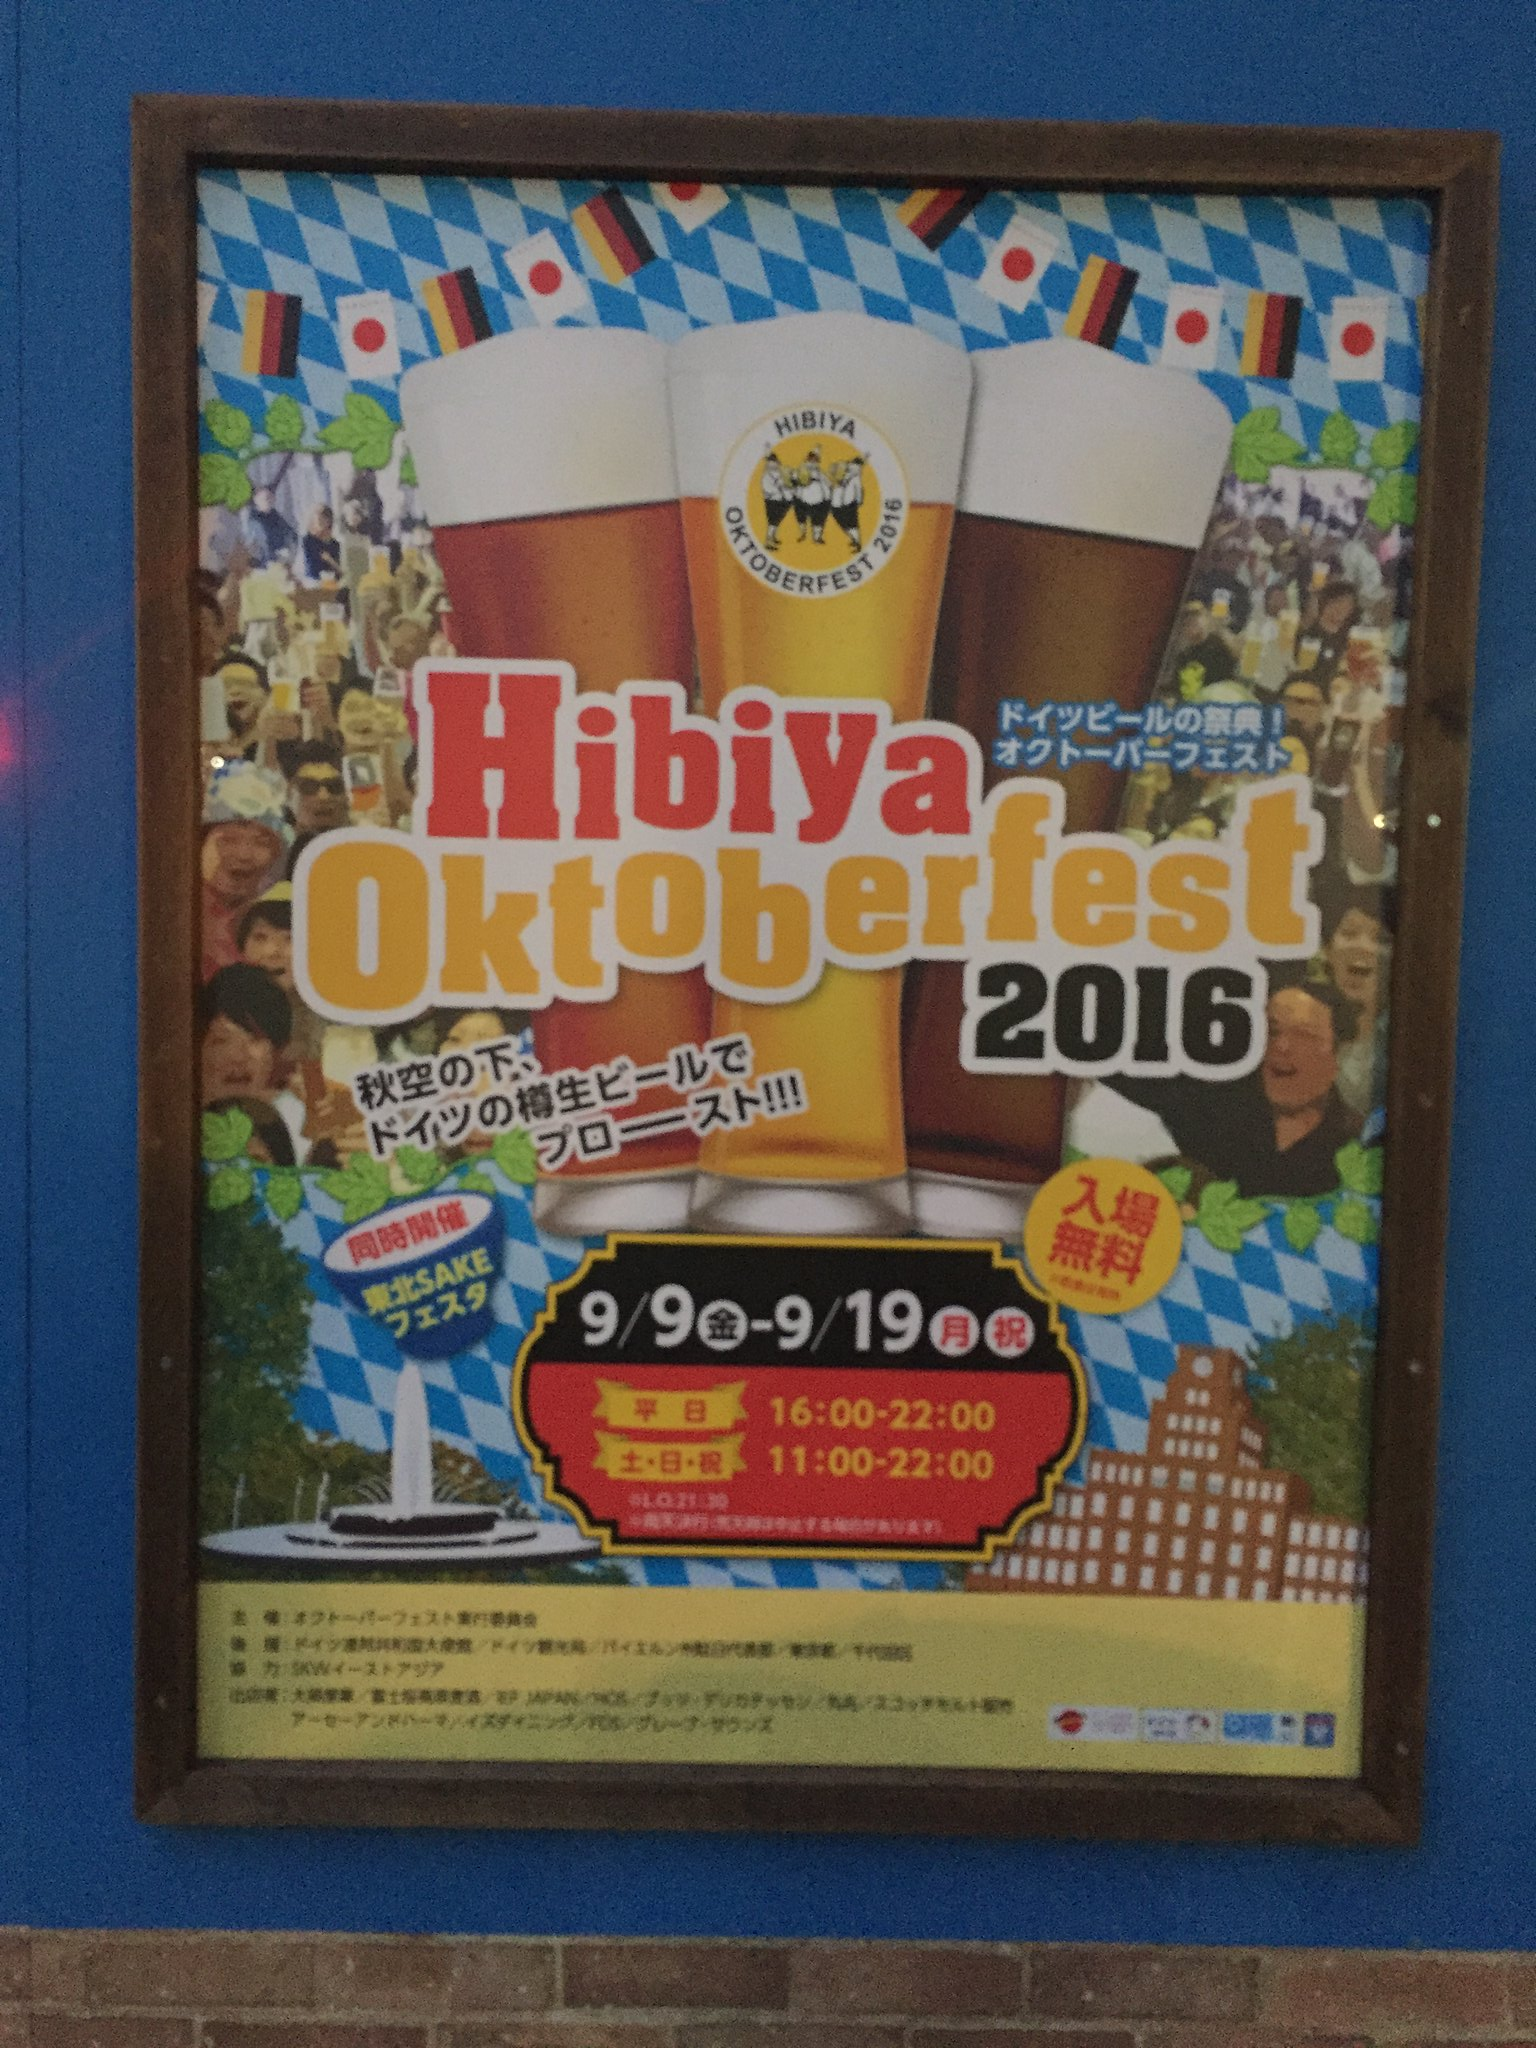 Oktoberfest i Japan
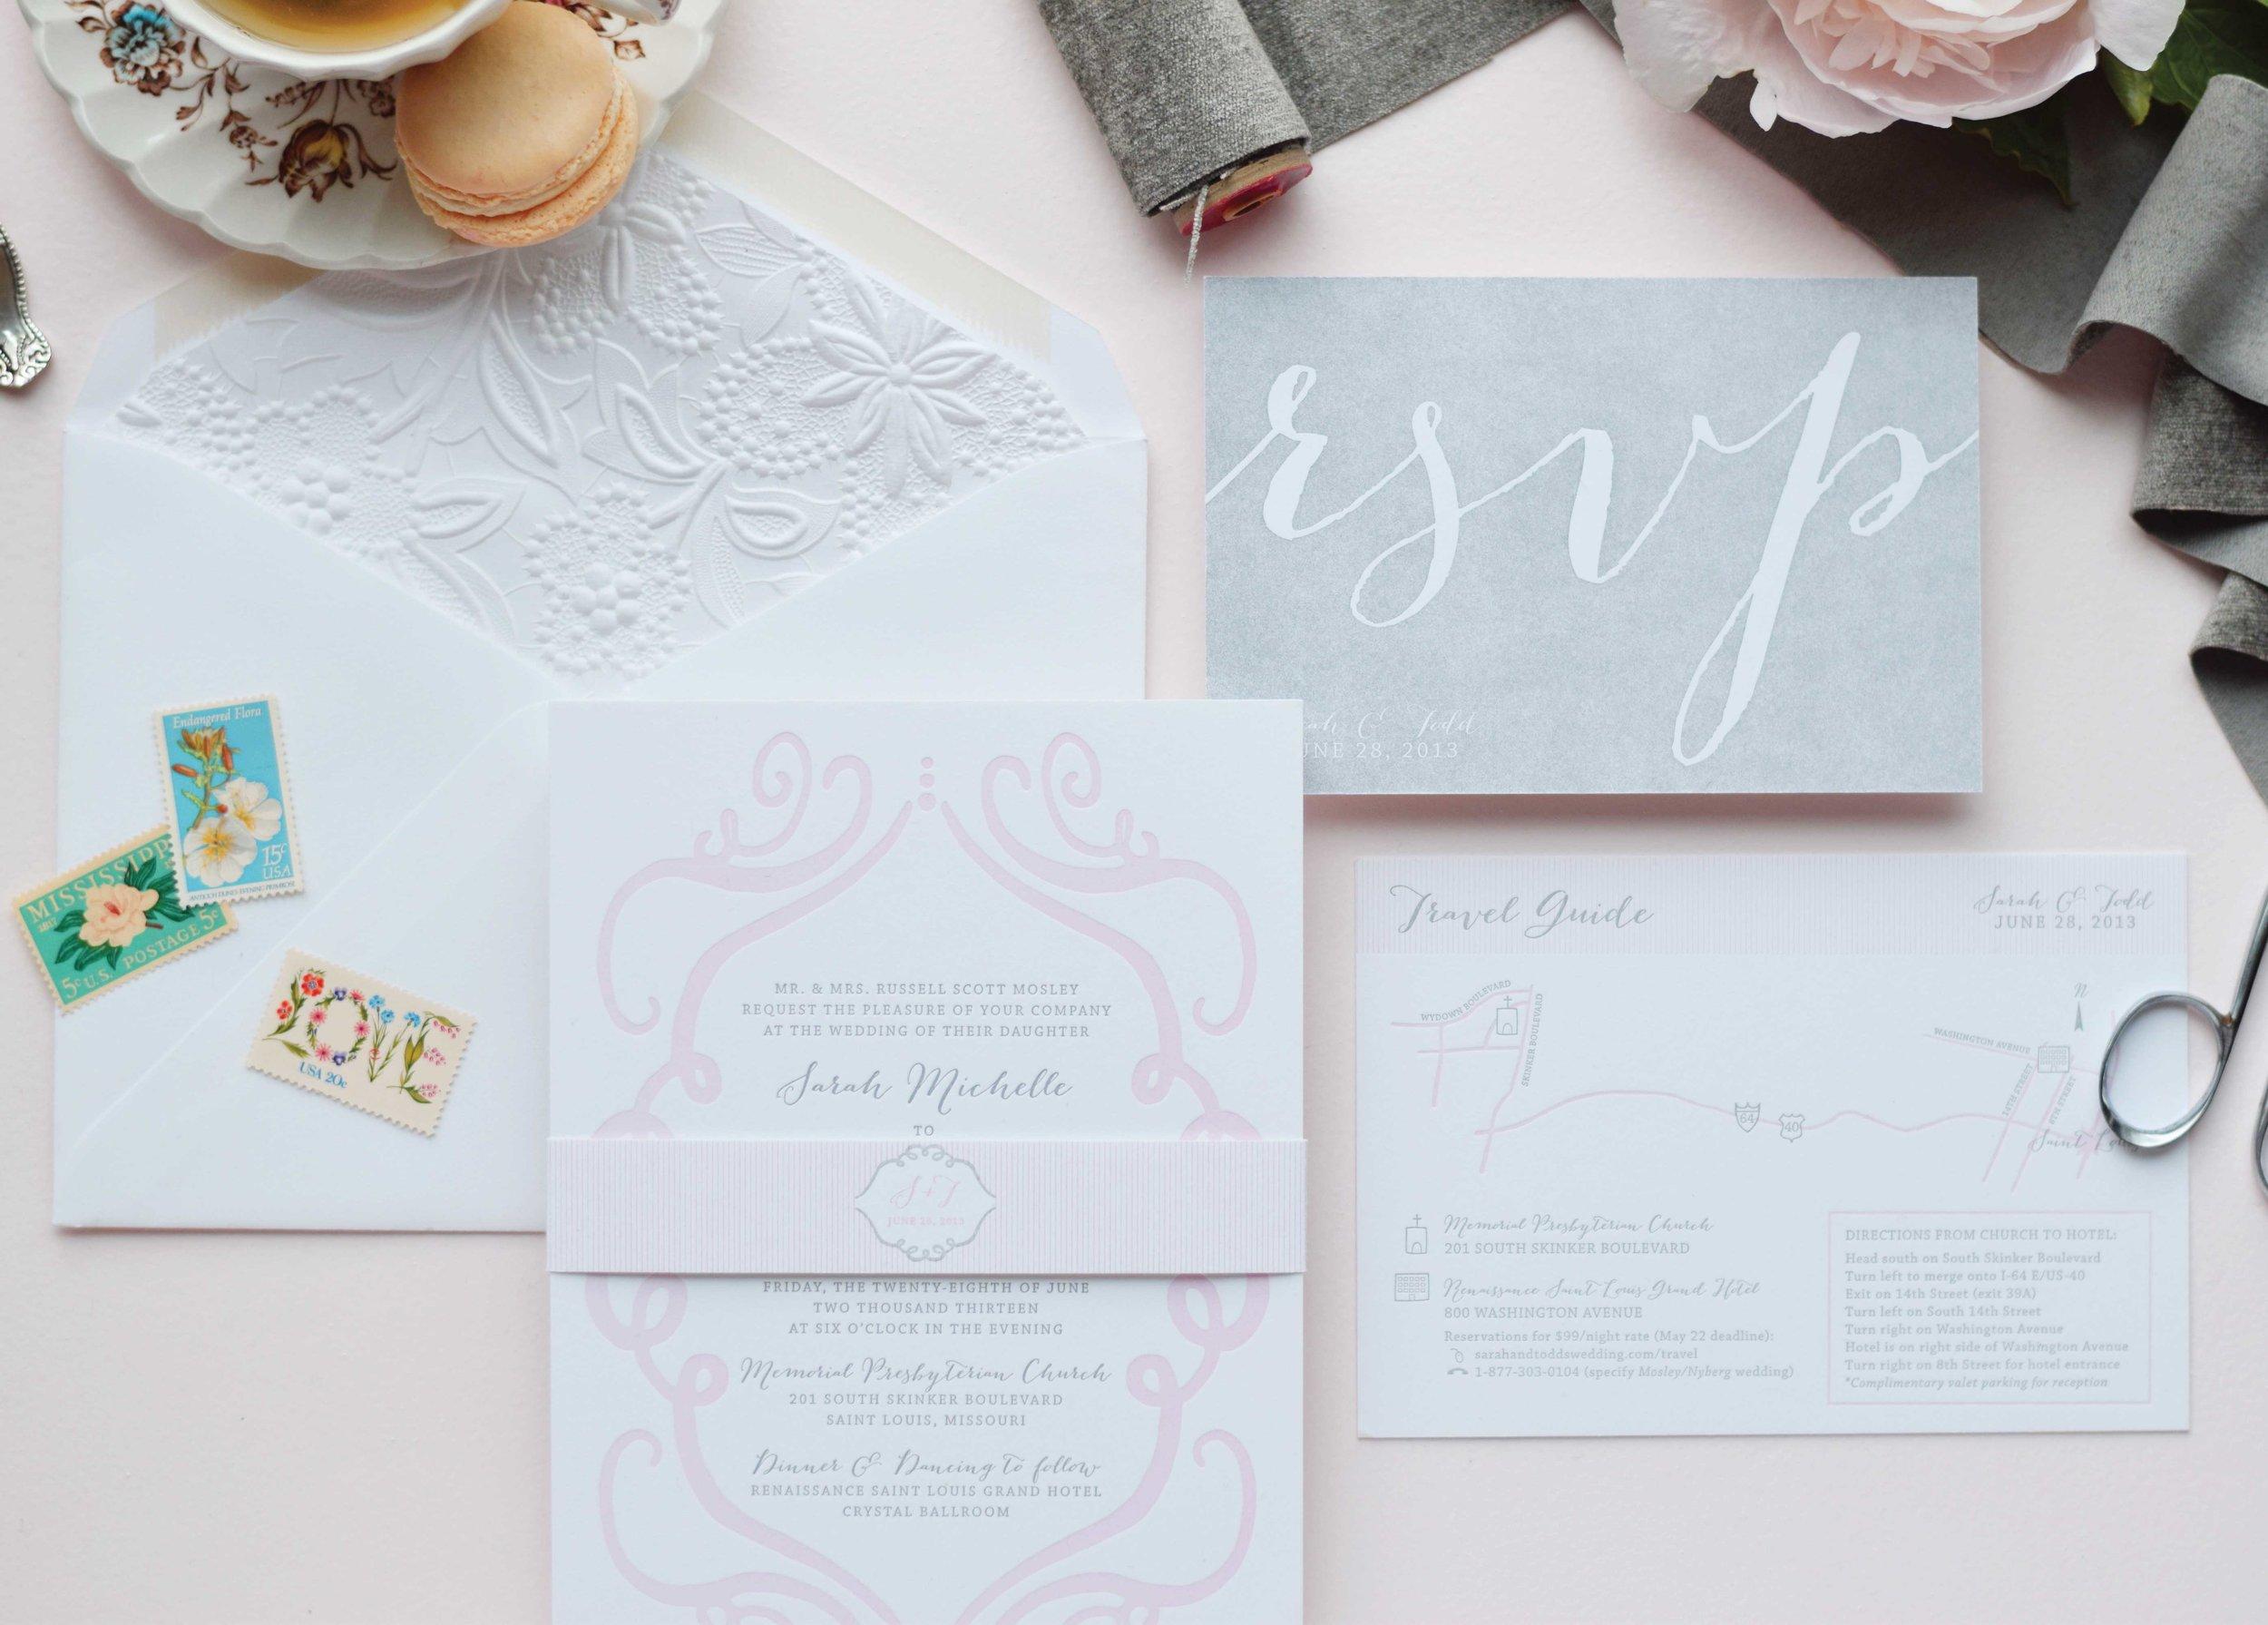 blush_pink_gray_letterpress_wedding_invitation.jpg
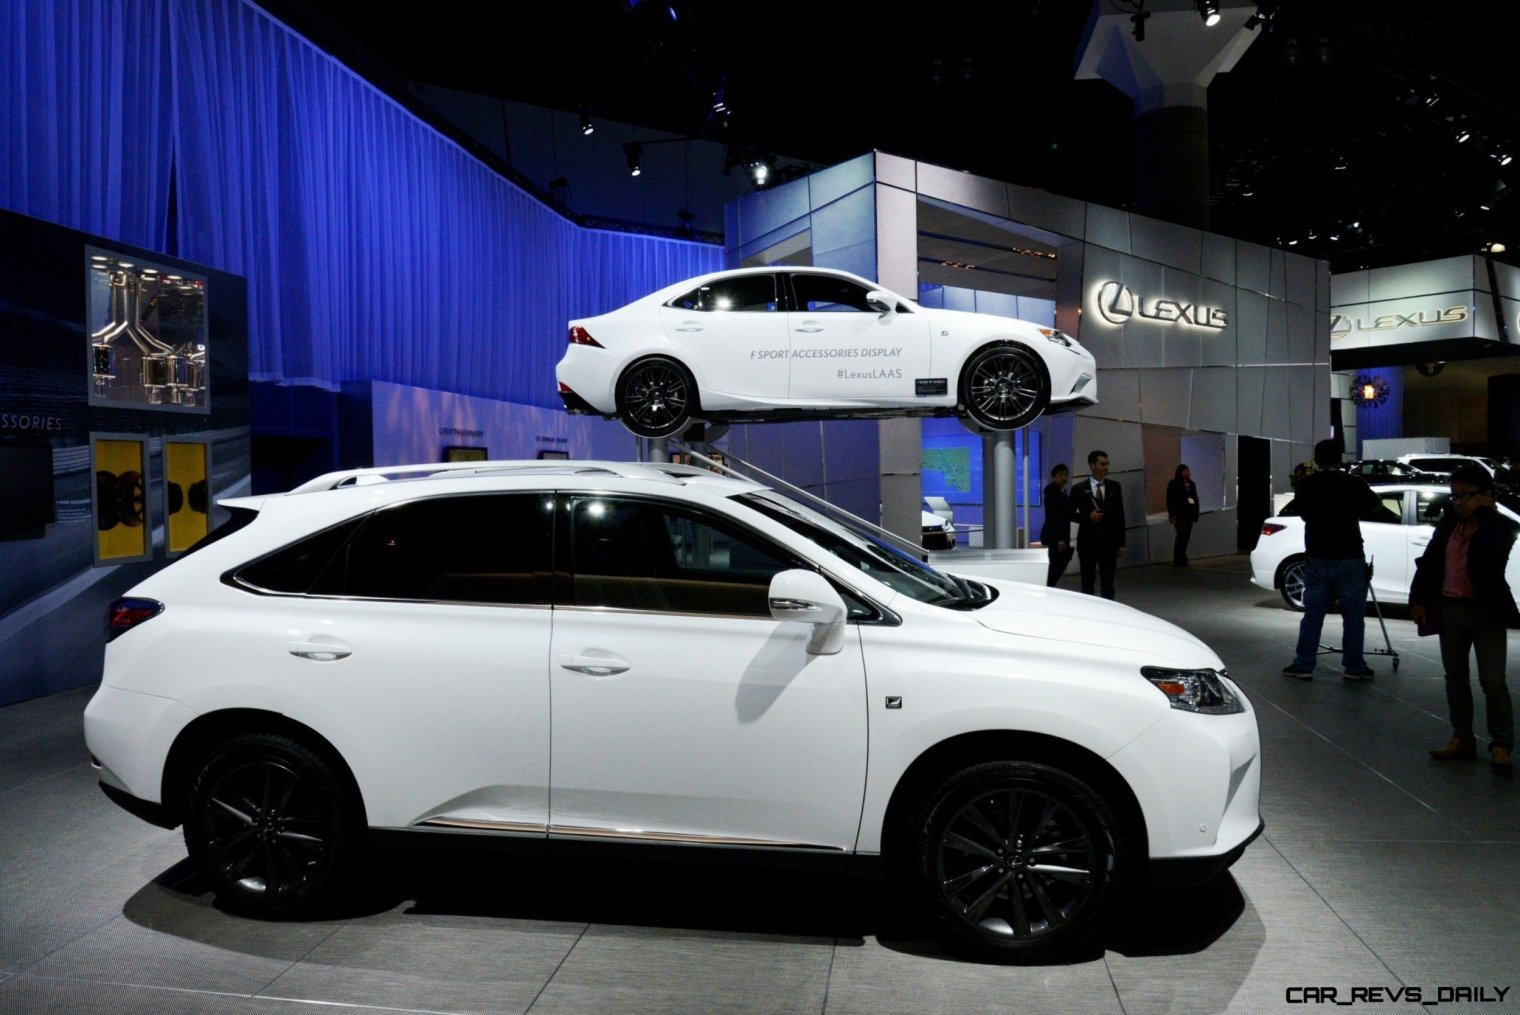 Car-Revs-Daily.com -- Lexus IS350FSport by Deviant ART is Best in Show SEMA 2013 11

● **What you have to do**
Would you copy out the material above exactly, without the pictures in it?

● **Your response**
 Oktoberfest i Japan
 blush_pink_gray_letterpress_wedding_invitation.jpg
 Car-Revs-Daily.com -- Lexus IS350FSport by Deviant ART is Best in Show SEMA 2013 11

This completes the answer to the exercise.